WHAT IS EXPECTED :: Return the data exactly, without pictures.

RAW DATA ::
= Beginning of Section =
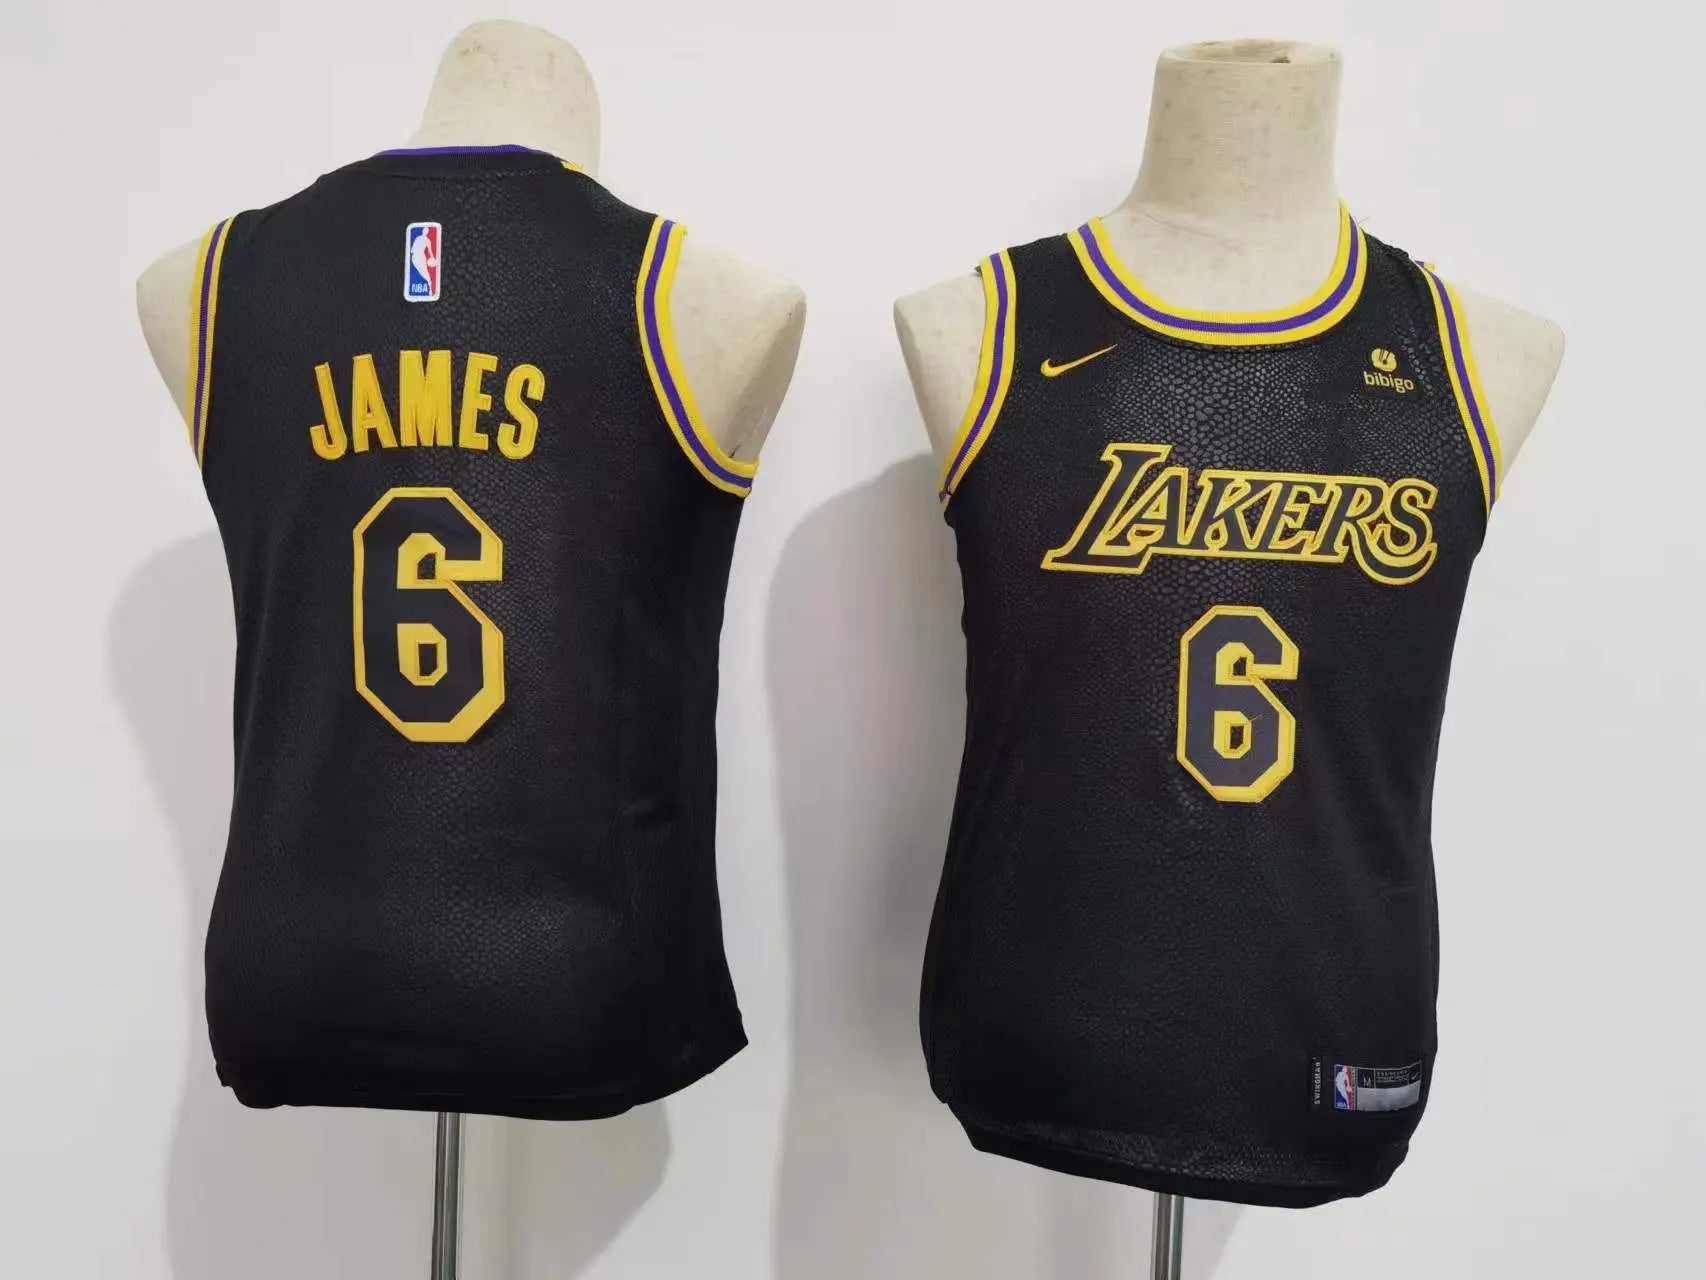 Kids Los Angeles Lakers James NO.6 Basketball Jersey jerseyworlds
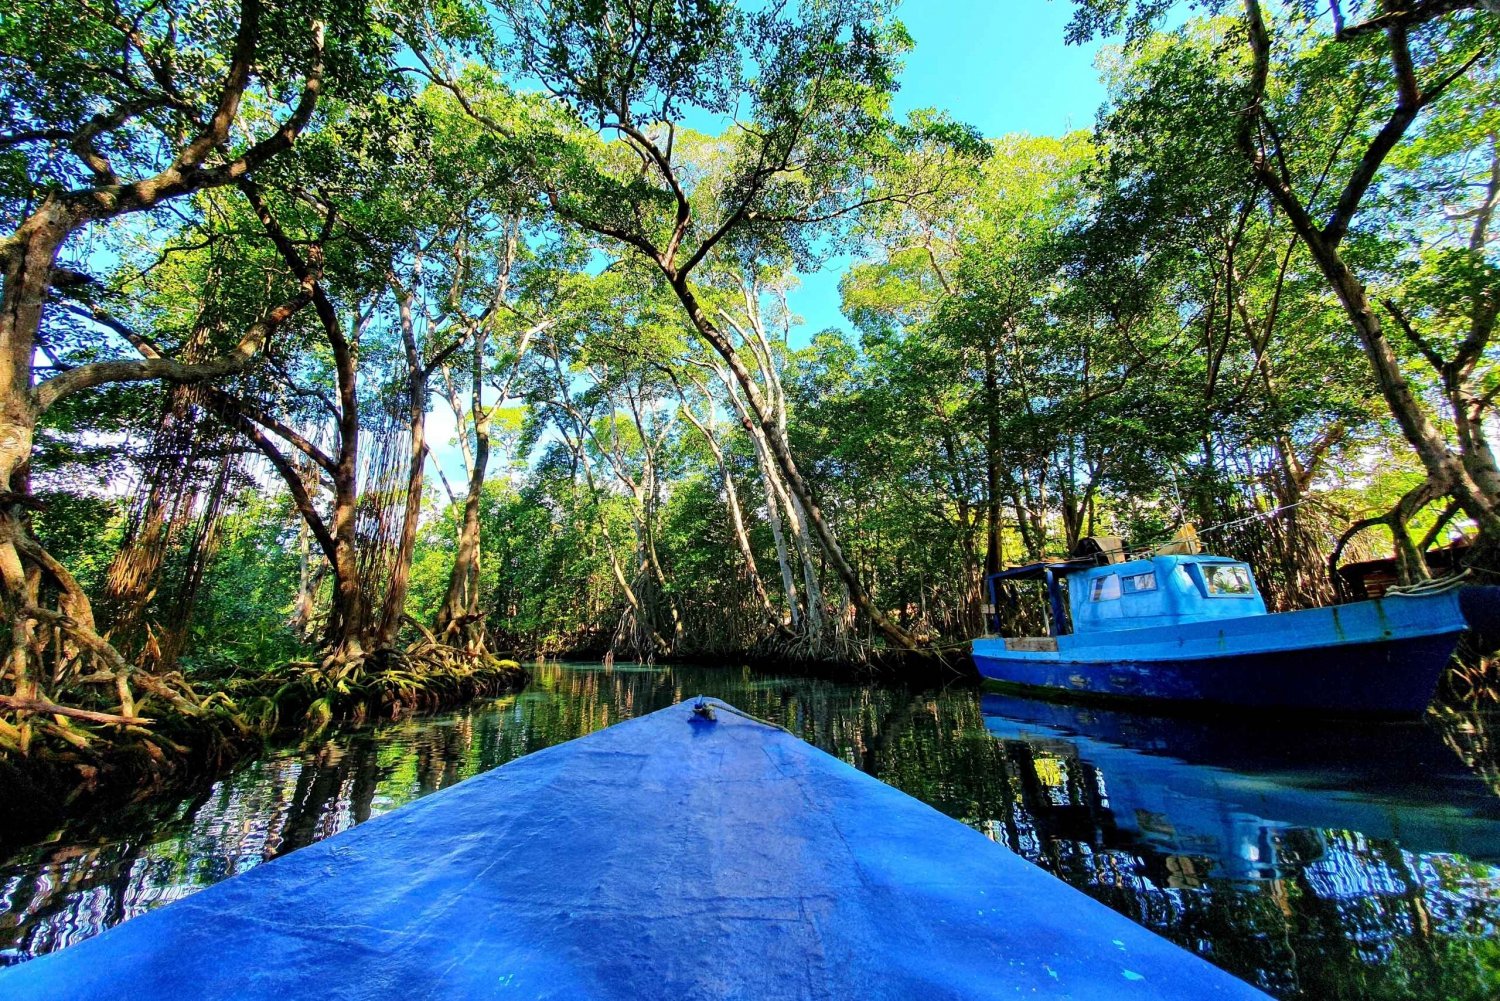 Private tour: Dudu cenotes + Playa Grande Beach + much more
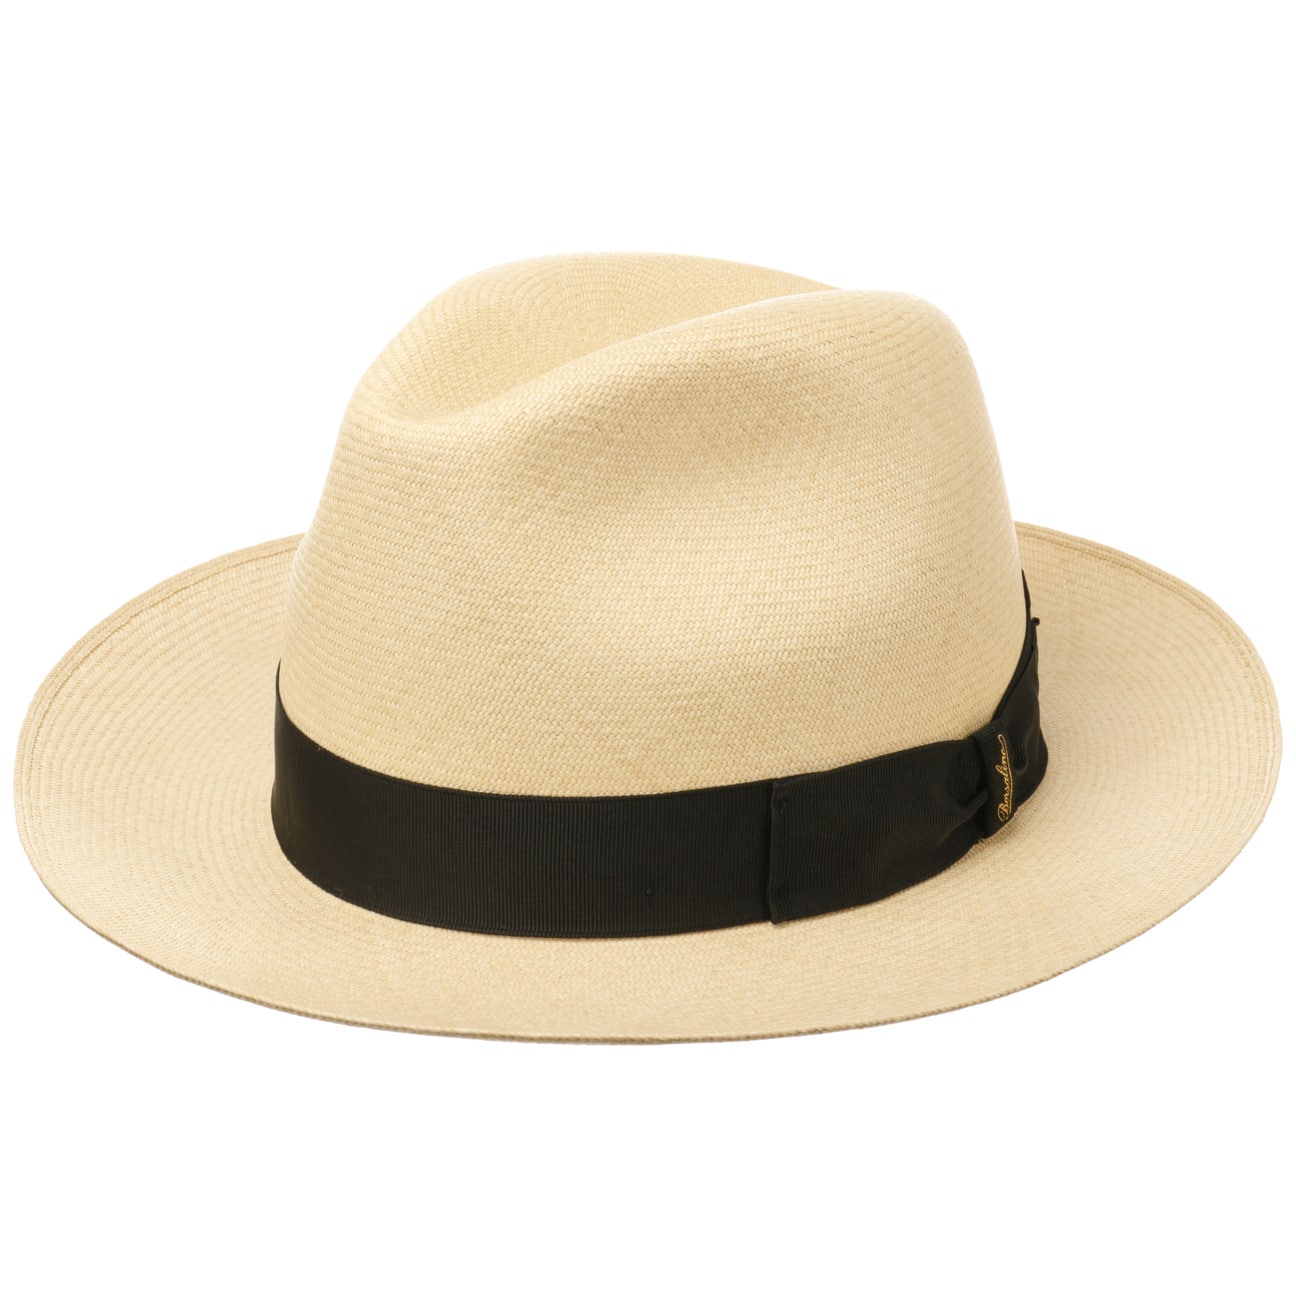 Borsalino Panama Bogart Hat Premium, EUR 799,00 --> Hats, caps ...
= End of Section =
WRITTEN RESPONSE ::
 Kids Los Angeles Lakers James NO.6 Basketball Jersey jerseyworlds
 Private tour: Dudu cenotes + Playa Grande Beach + much more
 Borsalino Panama Bogart Hat Premium, EUR 799,00 --> Hats, caps ...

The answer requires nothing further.